Purpose: Poor prognosis of metastatic melanoma mandates the development of novel strategies for its treatment and prevention. In this study, the effect of lupeol, a diet-based triterpene, was determined on the growth and tumorigenicity of human melanoma cells in vitro and in vivo.

Experimental Design: Normal human melanocytes, and human metastatic (451Lu) and nonmetastatic (WM35) cells were treated with lupeol; its effect on growth, proliferation, and apoptosis were evaluated.
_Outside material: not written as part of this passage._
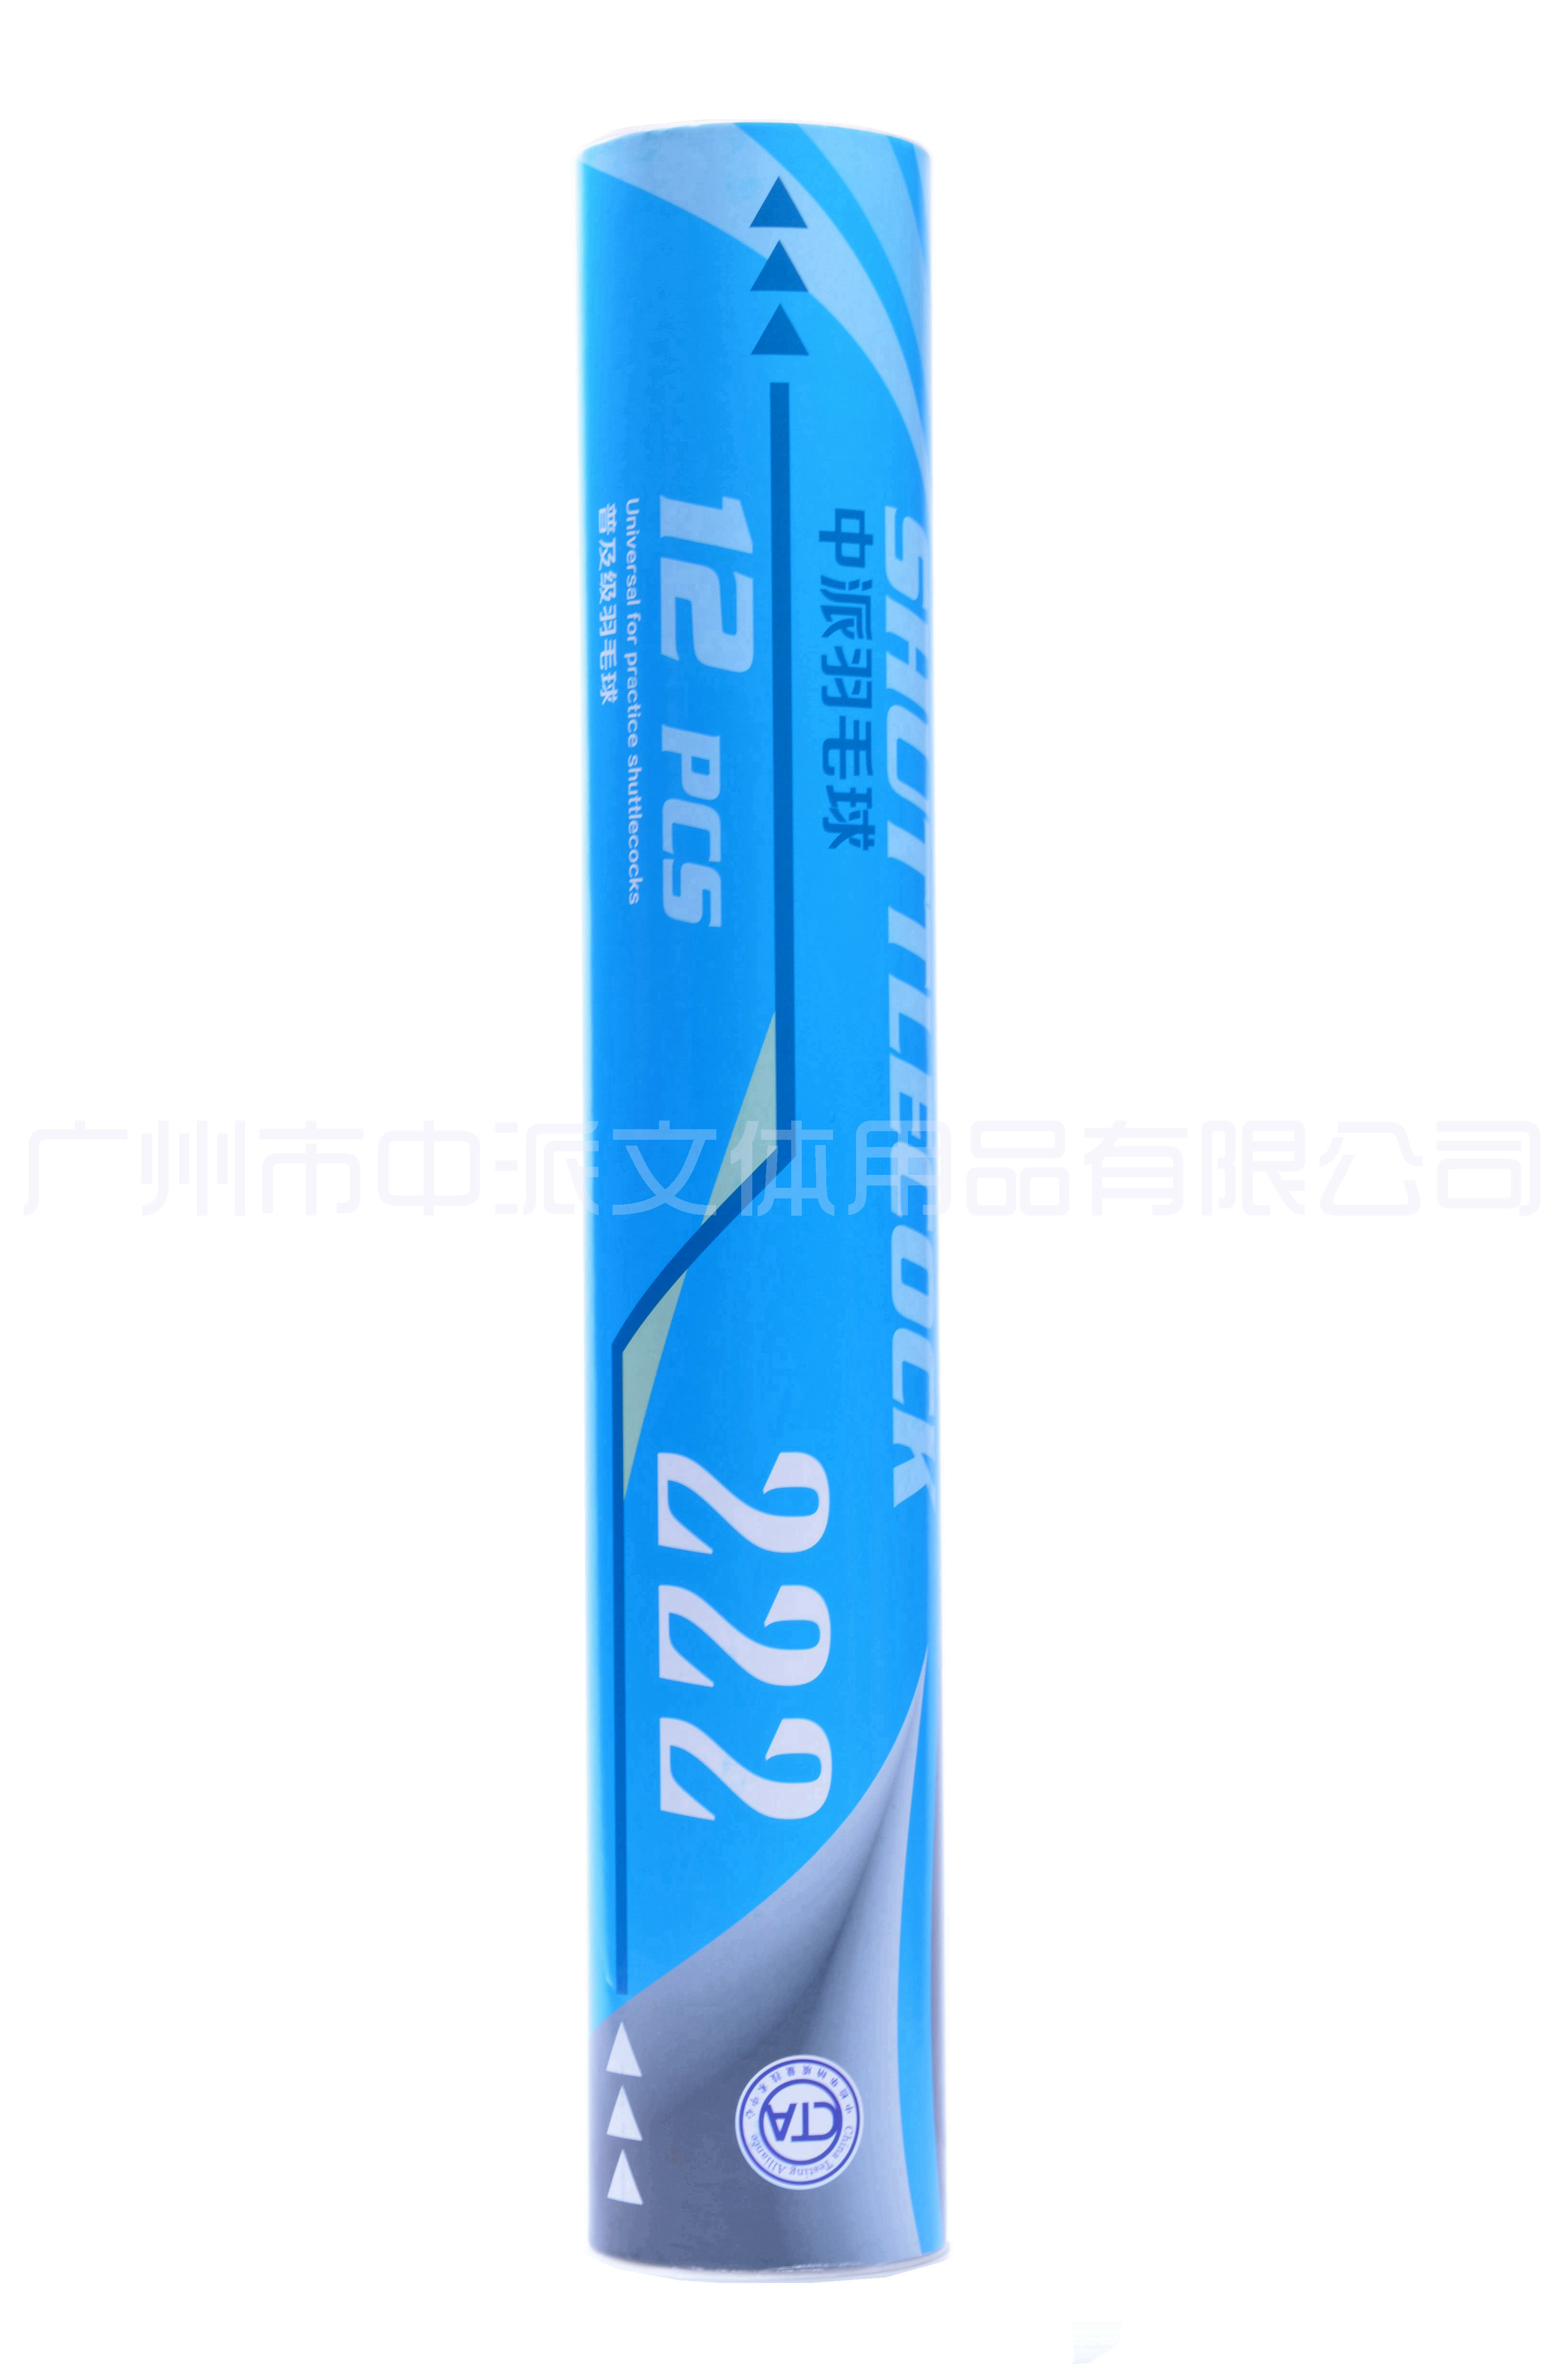 ZP-222中派羽毛球 ZP-222 ZHONGPAI Badminton

Further athymic nude mice bearing 451Lu cell–originated tumors were administered with lupeol thrice a week, and its effect on tumor growth and surrogate biomarkers was evaluated.

Results: Lupeol significantly decreased the viability of 451Lu and WM35 melanoma cells but had only a marginal effect on normal human melanocyte cells at similar doses. Lupeol treatment of 451Lu cells caused (a) G₁-S phase cell cycle arrest and apoptosis; (b) down-regulation of Bcl2 and up-regulation of Bax; (c) activation of caspase-3 and induction of poly(ADP)ribose polymerase cleavage; (d) decreased expression of cyclin D1, cyclin D2, and cdk2; and (e) increased expression of p21 protein. Next, lupeol significantly reduced 451Lu tumor growth in athymic nude mice and modulated the expression of proliferation markers, apoptotic markers, and cell cycle regulatory molecules in tumor xenografts.

Conclusion: Our findings showed the anticancer efficacy of lupeol with mechanistic rationale against metastatic human melanoma cells. We suggest that lupeol, alone or as an adjuvant to current therapies, could be useful for the management of human melanoma.